Atividades não peripatéticas
Por viver na zona central de Lisboa, faço a maioria dos percursos a pé, em menos de meia hora chego a Alvalade, à Gulbenkian, a Santa Apolónia… Estudei os itinerários para evitar tal rua, desagradável ou sem interesse, caminhar na que tem sombra, uma vista, um prédio, um ambiente particular. Deste modo, para ir à Baixa, não desço a Almirante Reis, demasiado poluída, passo agora pela do Benformoso, mais fresca e silenciosa.

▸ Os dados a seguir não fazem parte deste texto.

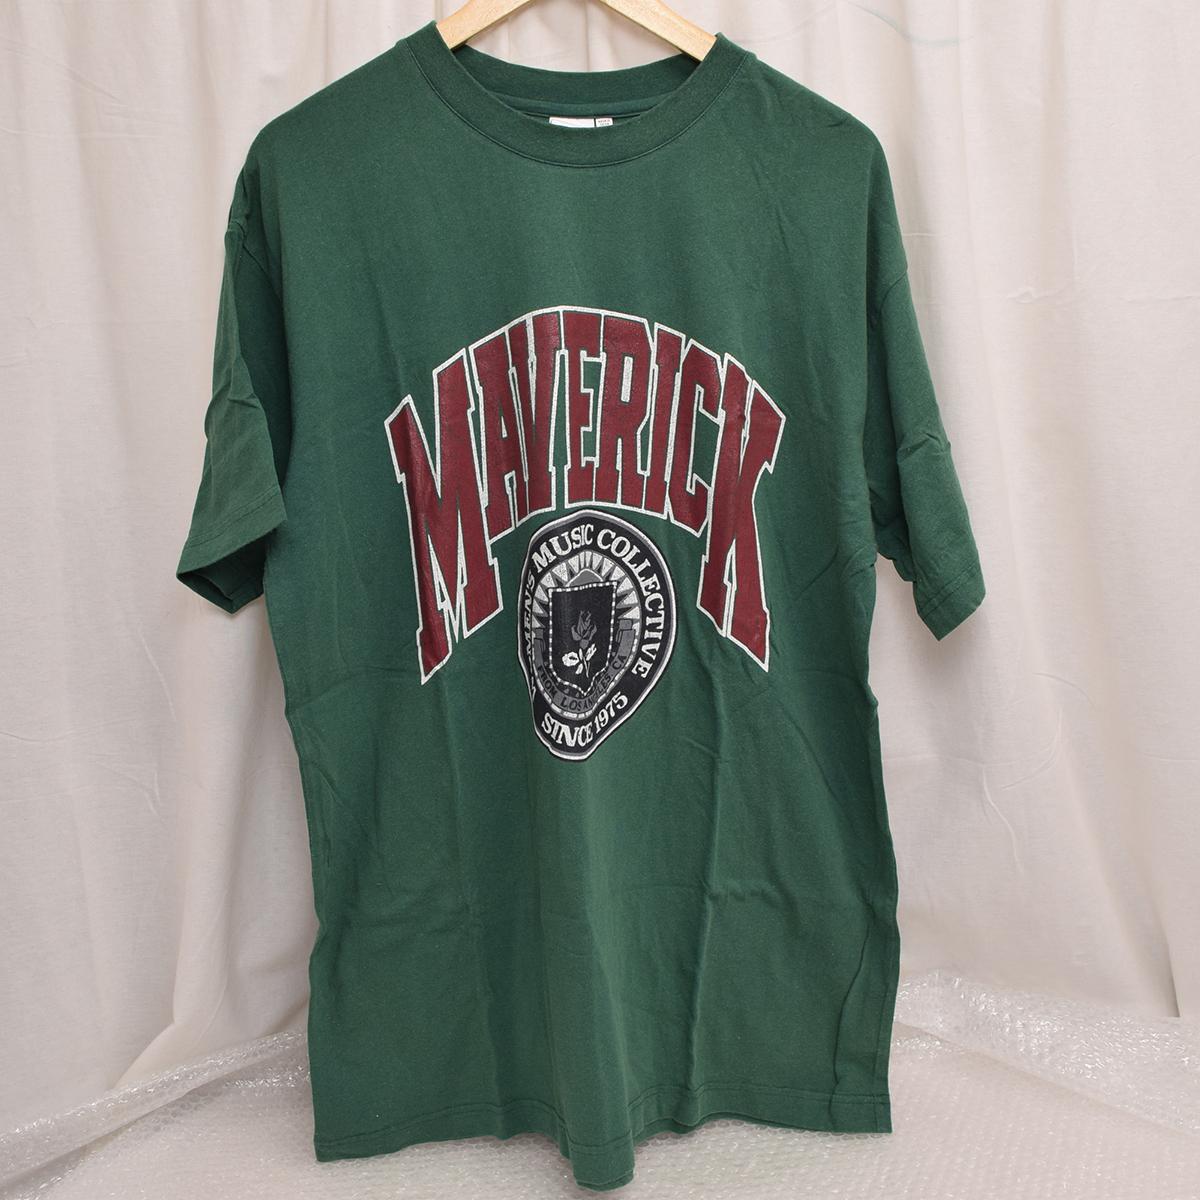 ◇237C/マウジー/MOUSSY MAVERICK Tシャツ イエロー/ブラック/グリーン サイズF レディース 010BAQ90-5860 コットンの2番目の画像

Por conseguinte, da rua Andrade ao Largo do Intendente, atravesso o espaço comercial das prostitutas; acelerava a princípio o passo temendo apanhar uma doença se nelas poisasse o olhar. Fui educada no horror destas mulheres, sua estupidez, sua vulgaridade, sua falta de brio, pressupunha eu sem verificar, por isso não obstante o feminismo me dizer – teoricamente – que cada um é dono do corpo e, de qualquer maneira, toda a gente, homens e mulheres, se vende, consistindo a diferença na escolha de quê, em que condições, com que sacrifícios, com que benefícios, caso escolha haja e não, como na maioria das existências, uma sucessão de acasos, eu vagamente calculava estas mulheres, sem as conhecer, mais nocivas, mais alienadas, mais perversas do que quem vende vida à função pública. Aconteceu porém um dia caminhar pela sombra – rara àquela hora – no passeio onde duas se encontravam sentadas nos seus bancos.
– Com licença…
– Faz favor.
Dali por algum tempo, respondi a uma saudação:
– Bom dia.
Esta troca trivial sugeriu-me que qualquer prostituta é uma mulher como as outras. Ou seja… Diferente de todas as outras. Comecei portanto a observar a realidade. Entre as comerciantes que por ali expõem o “sex appeal”, população instável, de súbito aparece, de súbito não volta a aparecer, há de facto duas que instalam o banco à porta do prédio onde residem, sempre visíveis no local de trabalho, decerto por terem poucos clientes, uma obesa, na viragem dos cinquenta, outra magra, perto dos sessenta anos, modestas no modo de vestir, na aparência donas de casa, sentadas ao sol, durante o inverno, à sombra, durante o verão, pacatas e não peripatéticas por o peso, a idade, a lassidão não ajudarem: duas vizinhas a conversar. A sua aparência é tão pouco atraente, tão pouco sensual, tão pouco viciosa, tão pouco provocante, tão pouco estrondosa, tão pouco transgressora que, se não as visse ali, cada dia, a qualquer hora, esteja frio ou calor, não acreditava serem trabalhadoras… Que carências, desequilíbrios, solidões, alienações, perversões impelirão os clientes a pagar para, durante quinze minutos, se deleitarem com uma mulher exausta? O filósofo Pascal escreveu que as misérias do homem são as de um fidalgo arruinado, as de um rei destronado… O quê? O pecado original? Balela… Na Mouraria a pobreza não se confronta com o mito: é apenas pobre.